Morrissey is known mostly for his biting sense of humor, general bitchiness and a melodramatic morose streak a mile wide. He wants you to laugh while he’s crying.
But every once in awhile, in both his work with The Smiths and on his solo albums, Morrissey can knock you out with something deeply heartfelt.
One fine example is The Smiths’ ‘Please Please Please Let Me Get What I Want’ (a John Hughes staple), which owes much of its poignancy to Johnny Marr’s delicate guitar work.
Another is today’s Song of the Day, the final track on Morrissey’s 1991 solo album Kill Uncle. ‘There’s a Place in Hell for Me and My Friends’ is a haunting piano ballad about the prejudice faced by homosexuals… the absurd notion that loving somebody of the same gender is a sin.
And when we go, we all will go
So you see I’m never alone
Oh there is a place
With a bit more time and a few more gentler words
And looking back we will forgive
(We had no choice, we always did)
All that we hope is when we go
Our skin and our blood and our bones
Don’t get in your way
Making you ill
The way they did when we lived
Oh, there is a place
A place in hell
Reserved for me and my friends
And if ever I just wanted to cry
Then I will, because I can
Give me a break. The randomness of the music is bad enough. Haunting is right. Why give any merit/authority/credence to the stupid people who do think homosexuality is a sin or that homosexuals are going to hell??!! Thank God it was short.
First, it’s great to have Alex commenting here! She saved me from having to say anything mean about today’s artist.
While I think Morrissey is being ironic when he “hopes” that the skin and bones and blood of his homosexual friends don’t “get in your way” in death as they did in life, I do feel the song works better as a poem.
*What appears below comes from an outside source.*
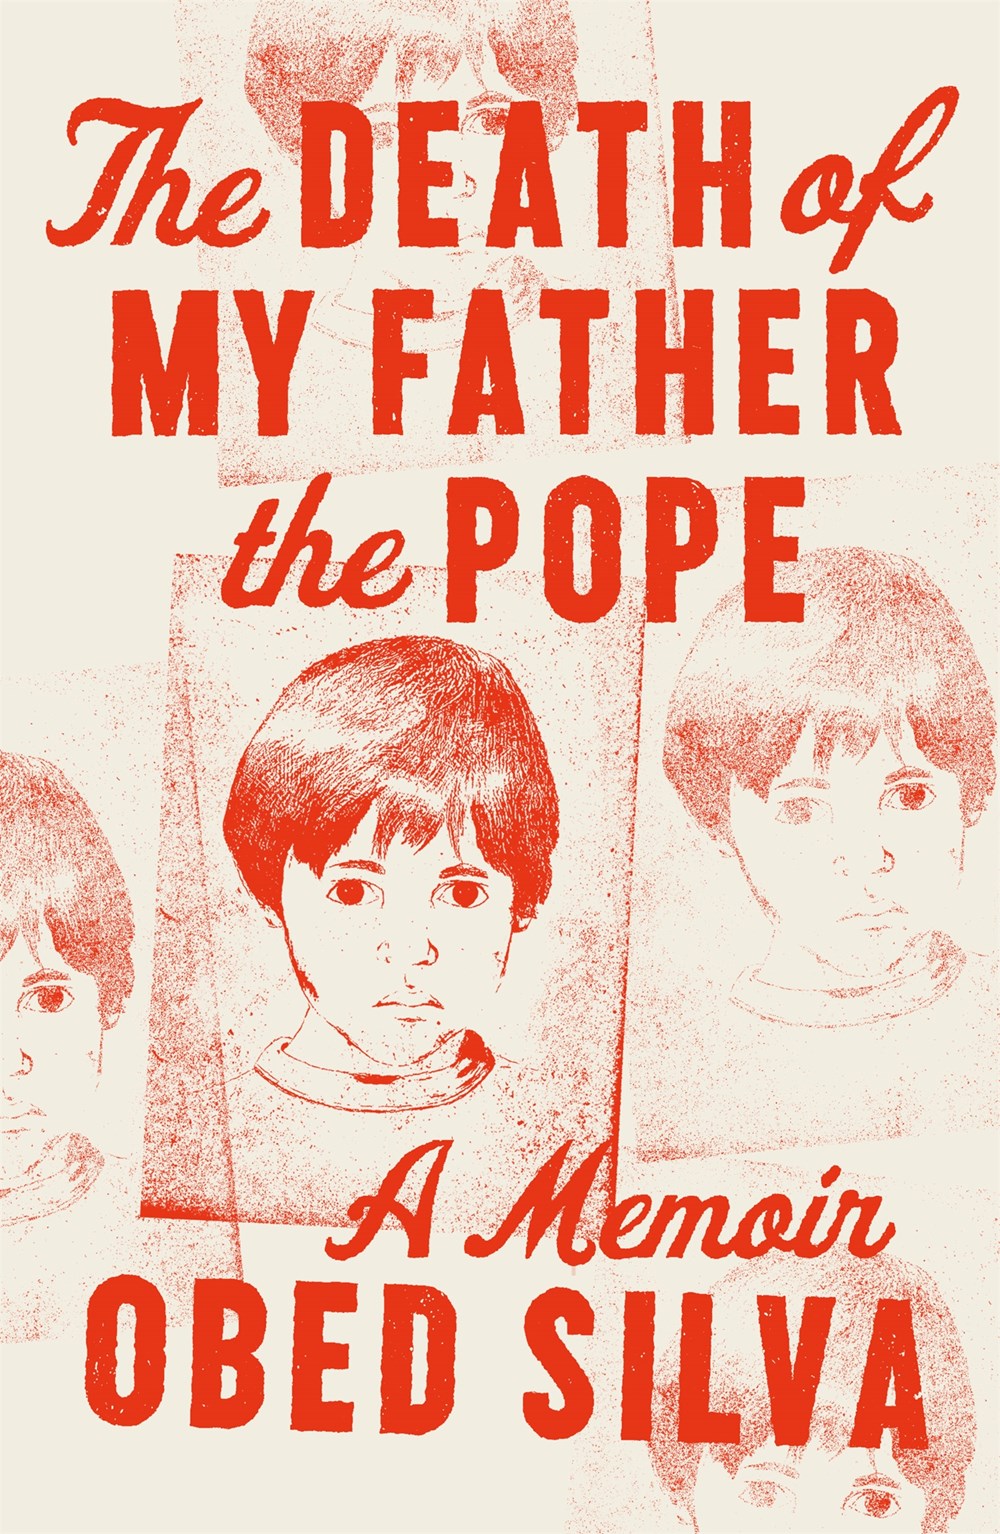 Image for "The Death of My Father the Pope: A Memoir"

As I was listening to it, I just wanted to hear Zane Campbell’s “Post Mortem Bar.” While I can’t be sure Campbell was attempting to capture some of the same feeling as Morrissey expresses here, I have always assumed the filmmakers behind Longtime Companion chose it for that reason. Regardless, I find it a far more powerful expression of the sentiment, so here it is for your enjoyment:
And here are the lyrics:
When I cleaned out your room
I painted the walls to cover any memories
But still it seemed like you were hovering over
Still out there keeping an eye on me
Yeah I never really was able to tell you
That’s why I’m telling you now that you can’t hear
It’s not gonna be the same around here without you
And I’m holding back a flood behind one tear
And we’ll go down to the post-mortem bar
And catch up on the years that have passed between us
And we’ll tell our stories
Do you remember when the world was just like a carnival opening up
I never thought that I would ever see the day
And I don’t wanna believe it’s true
You were supposed to always be there
And a part of me has died with you
And we’ll go down to the post-mortem bar
And catch up on the years that have passed between us
And we’ll tell our stories
Do you remember when the world was just like a carnival opening up
If I could have one more day with you the way it used to be
All the things I should’ve said would pour out of me
I took a walk I didn’t know which way I was goin’
But somehow or other I ended up here where
We said we’d meet again and I guess I was hopin’
But the place had been closed down a while
It was all dark in there
And we’ll go down to the post-mortem bar
And catch up on the years that have passed between us
And we’ll tell our stories
Do you remember when the world was just like a carnival opening up
Pipe down, woman. You’re not allowed to comment on artists you don’t like. He’s not giving credence to those people!
By writing the song, he is.
Acknowledging prejudice is not the same as giving credence to it. You can’t expose something if you ignore it.
Amy, the ending of that movie is so corny but it somehow works. I don’t like the song much, though.
Go Alex, go Alex, go Alex!
Hard to find a more pretentious self-absorbed artist than Morrissey and this song is as self indulgent as most of what he does. Only Morrissey can manage to come off as snobby and superior while supposedly bemoaning his lot in life (and the lot of other gay friends). Ugh!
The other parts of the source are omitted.